Dataset excerpt:
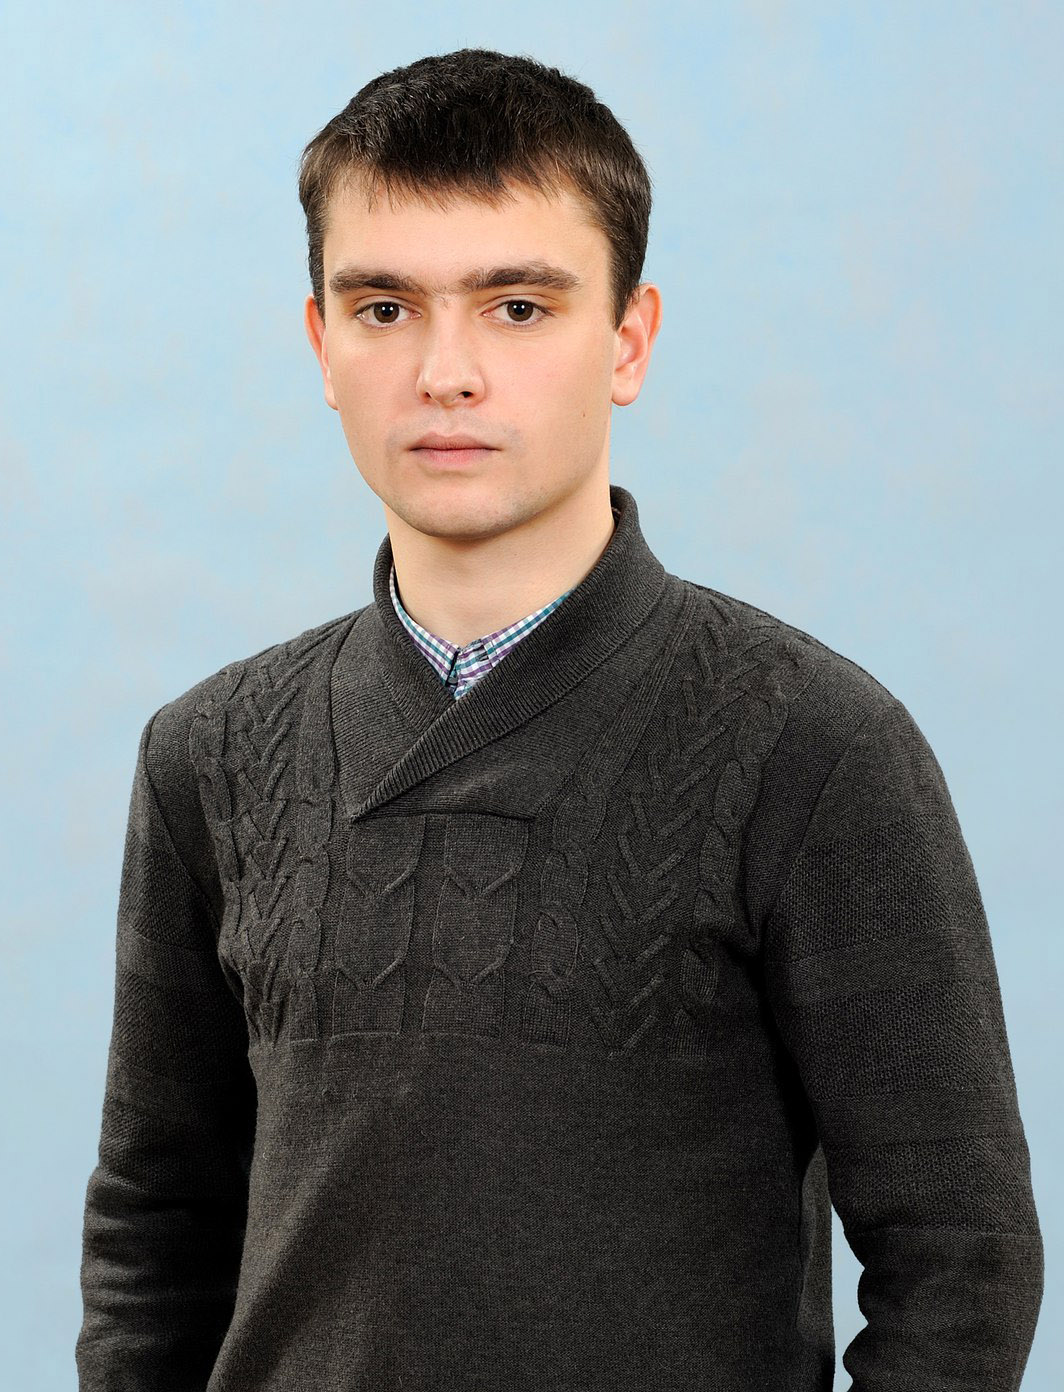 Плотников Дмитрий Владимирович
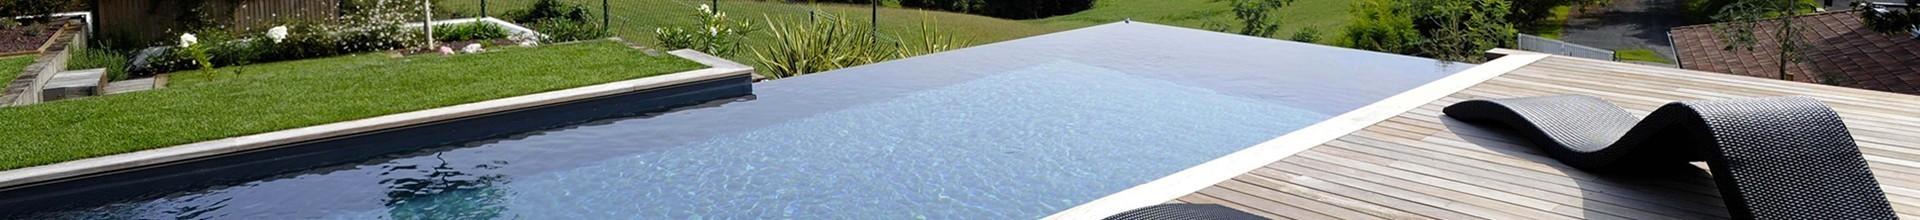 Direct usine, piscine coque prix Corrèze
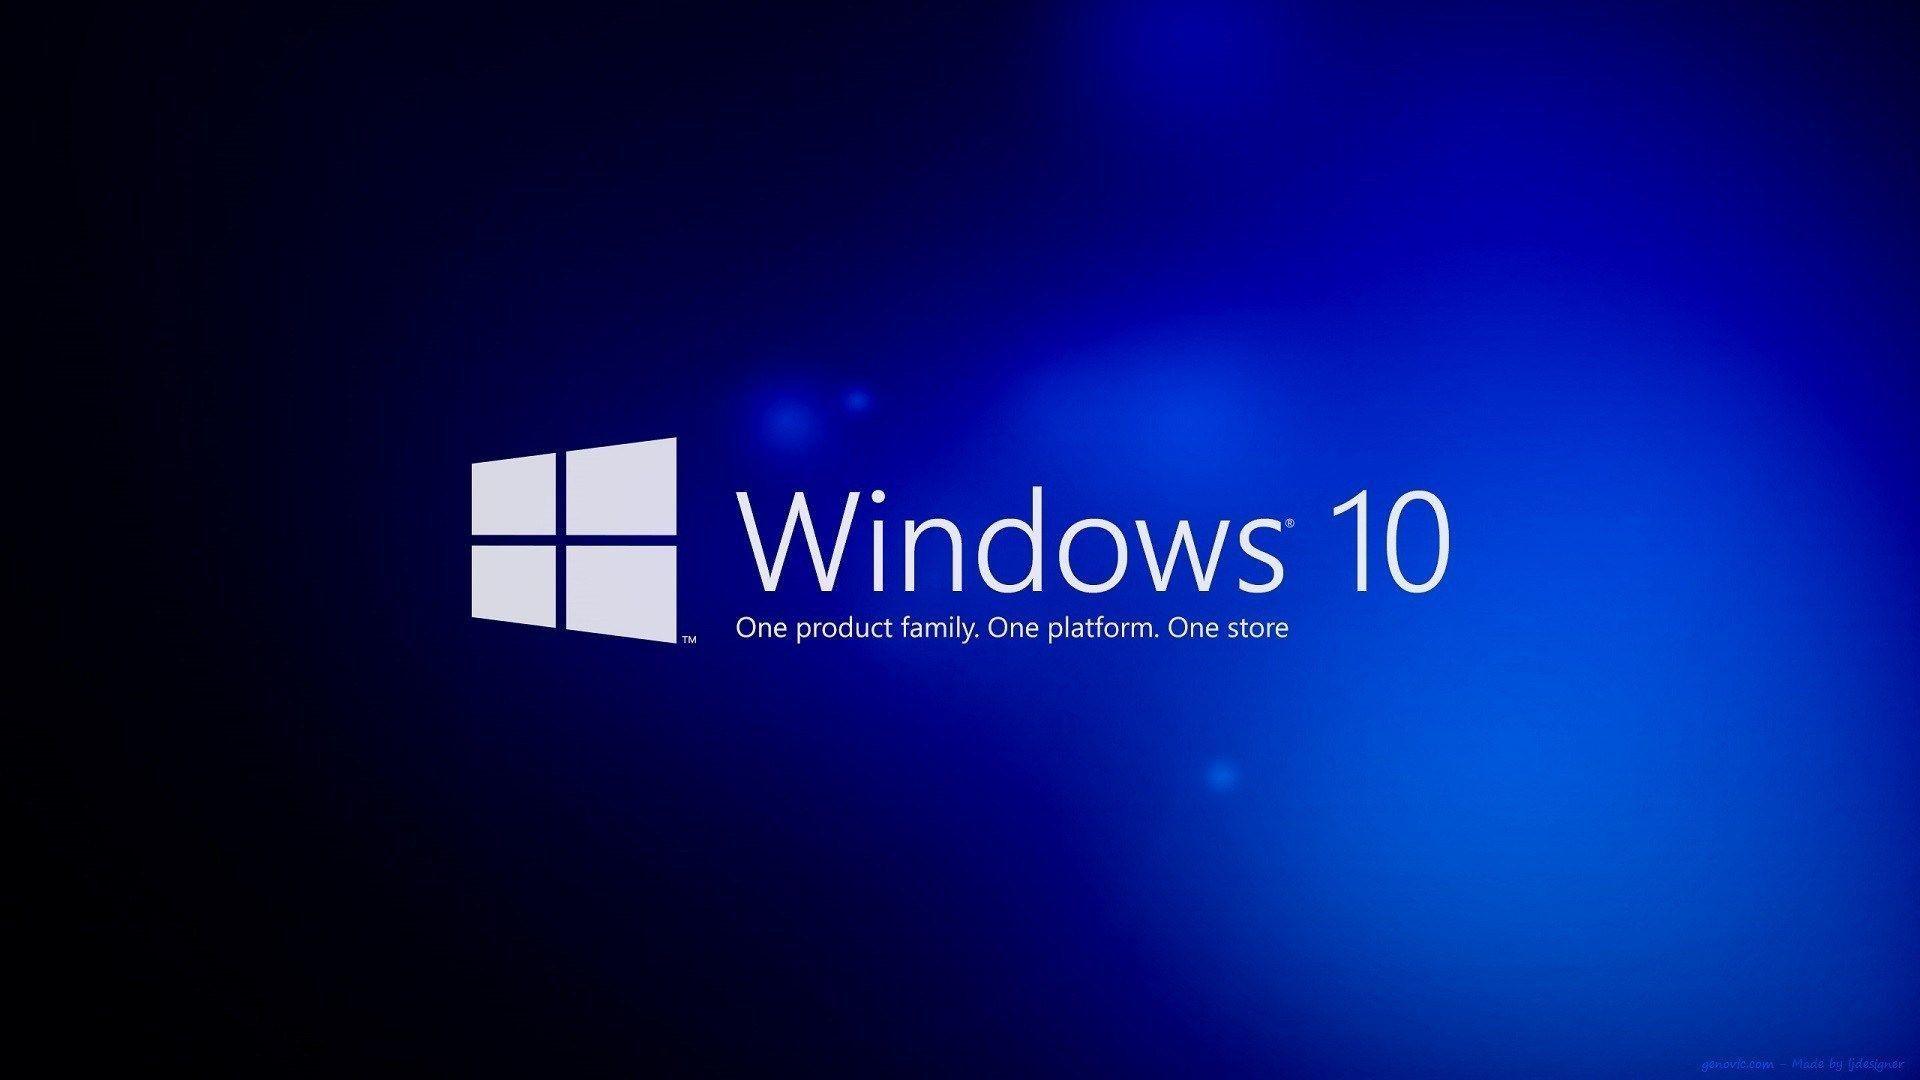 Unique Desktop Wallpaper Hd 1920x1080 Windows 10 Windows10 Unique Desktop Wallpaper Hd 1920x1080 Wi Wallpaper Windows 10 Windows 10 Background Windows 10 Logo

What to work on: The answer should consist solely of the lines from the one containing "Direct usine, piscine coque prix Corrèze" through the last line of the material, copied exactly, with pictures left out.

Task solution:
 Direct usine, piscine coque prix Corrèze
 Unique Desktop Wallpaper Hd 1920x1080 Windows 10 Windows10 Unique Desktop Wallpaper Hd 1920x1080 Wi Wallpaper Windows 10 Windows 10 Background Windows 10 Logo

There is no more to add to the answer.